From: Pat Hayes <phayes@ai.uwf.edu>
Date: Thu, 25 Oct 2001 09:58:17 -0500
Message-Id: <p05101089b7fdd519520e@[]>
To: Sergey Melnik <melnik@db.stanford.edu>
Cc: w3c-rdfcore-wg@w3.org
>you pointed out many times that reification does not make sense. Of
>course, there is no construct in the MT draft that allows to "access"
>the reified statements directly.

Of course, but that is not my point. An earlier version of the MT did 
have such a construct but the WG asked me to remove it from the 
publication draft. My issue is with what is said about the concept of 
reification; and not really that it does not make sense, but more 
that there seem to be two senses in the M&S which are not 
distinguished, and that one of them is used in place of the other, 
which does not make sense.

>Hence, no resource symbols can ever be
>associated with those reified "thingies". To me, this looks rather like
>a problem in MT rather than a problem in Bill's or other people's

I'm not sure what you are talking about here, but I don't think it is 
a problem in the MT. It is easy to describe the rdf reification 
primitives in (a slight extension of) the MT - it was presented at 
the F2F -  but that description makes it clear that that sense of 
reification does not do the job that is claimed for it.

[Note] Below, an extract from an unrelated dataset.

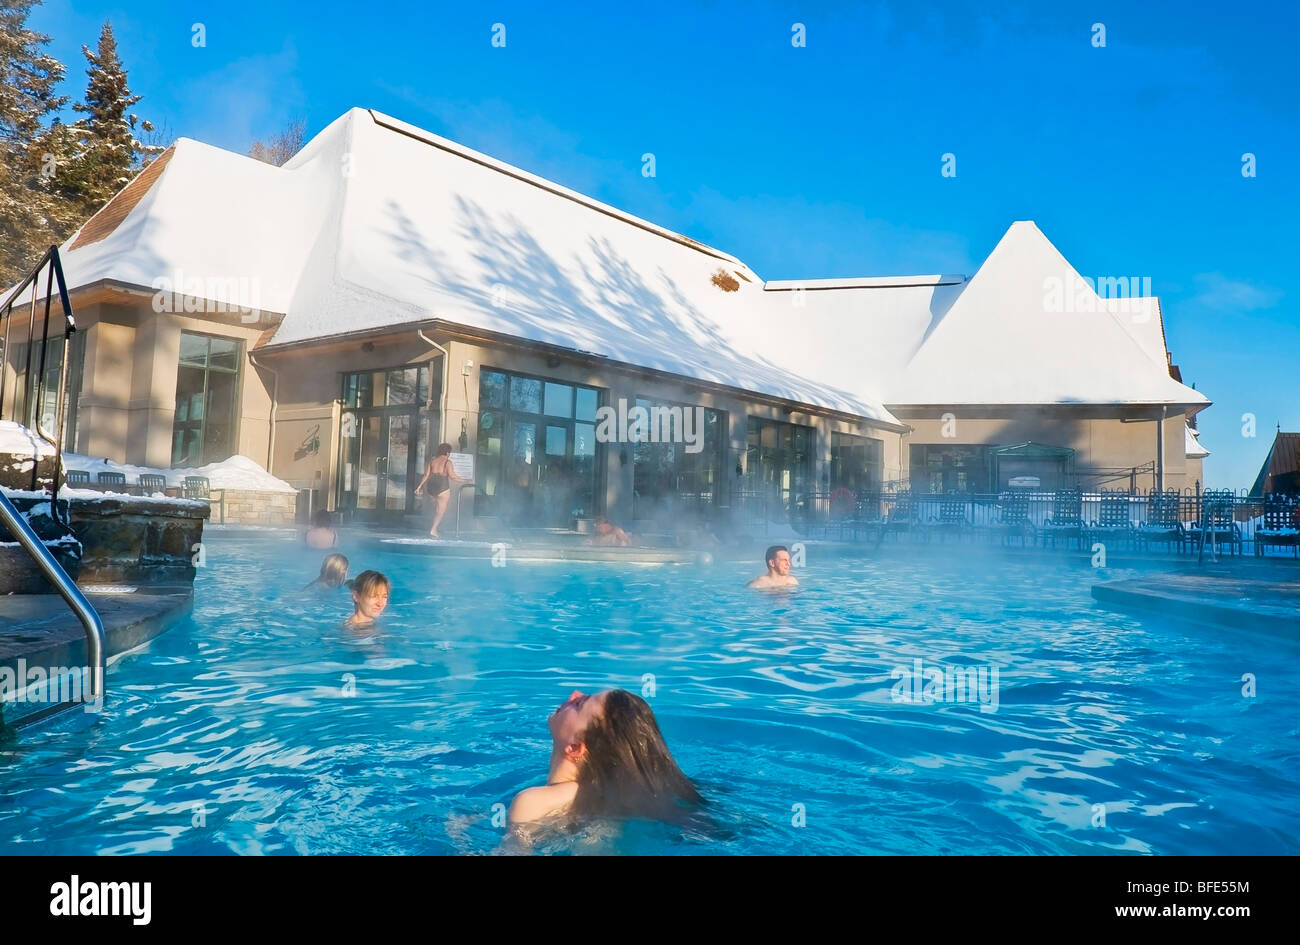 Les gens se baigner dans une piscine chauffée en hiver à l'hôtel Fairmont Manoir Richelieu, La Malbaie, Charlevoix, Québec, Canada Banque D'Images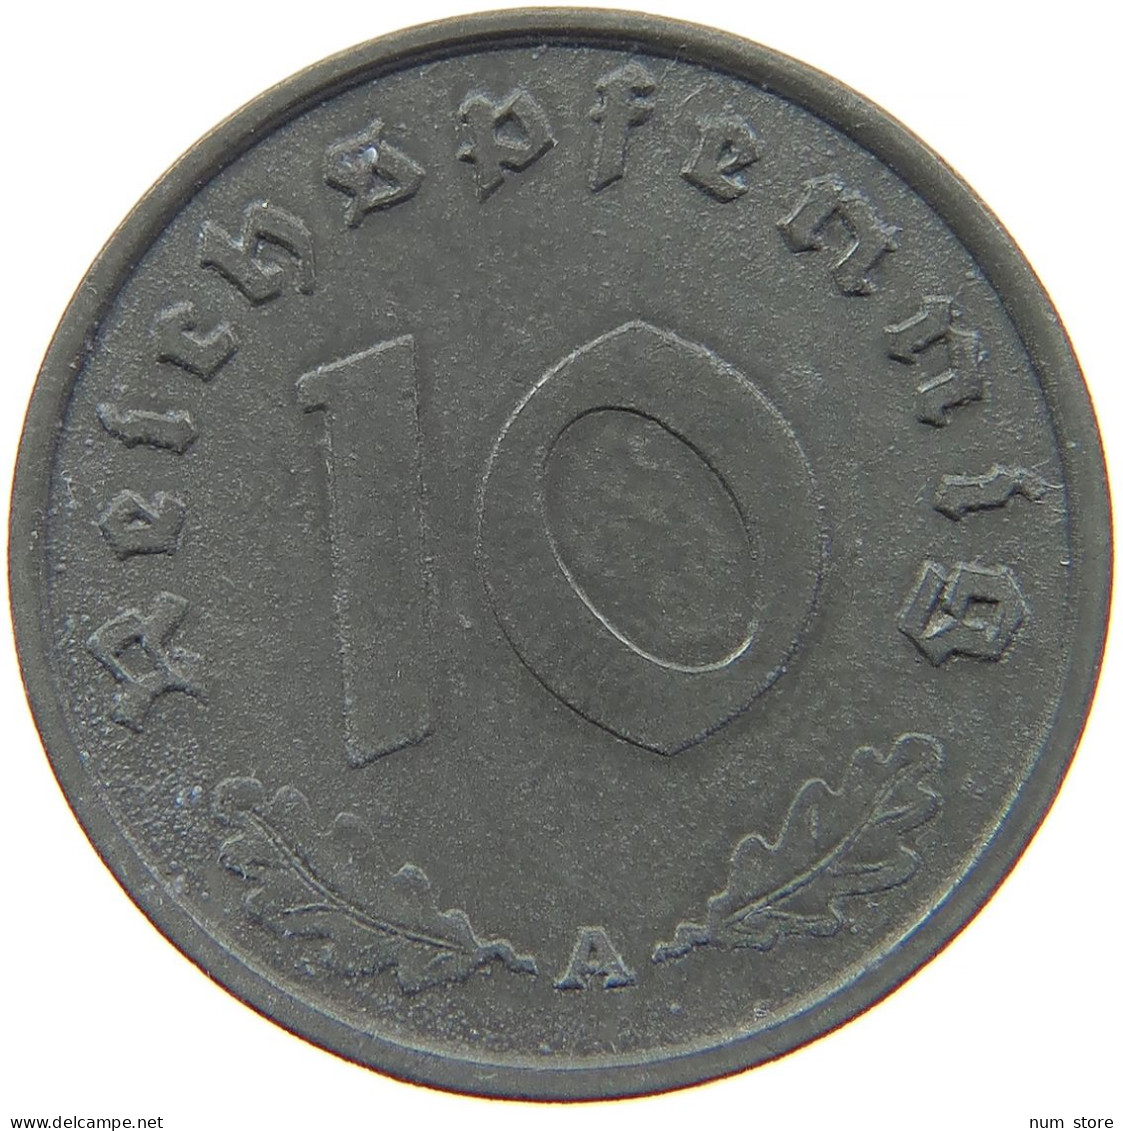 GERMANY 10 REICHSPFENNIG 1941 A #s095 0093 - 10 Reichspfennig

>In fact, all we have in the MT document that looks like a candidate
>vehicle for dealing with reification is the IEXT mapping. However, as
>you explained many times, IEXT maps resources to pairs of resources, and
>thus is pretty much useless for reification.

Right, but one would not use IEXT for reification. I introduced a 
REIF mapping from the syntax into IR, but one could do it more simply 
just by requiring IR to contain a suitable set of expressions, by 
semantic fiat, so that REIF is defined to be the identity.

>What about the following addition to the MT. Let a ternary relationship
>Reif be defined as:
>1) IR x IR x (IR union LV) <= Reif
>2) If (x,y,z) in (IR union Reif) x IR x (IR union LV union Reif),
>    then (x,y,z) in Reif
>3) Reif is the smallest set with (1), (2)
>In other words, Reif contains all reified statements that can possibly
>be constructed under a given interpretation I.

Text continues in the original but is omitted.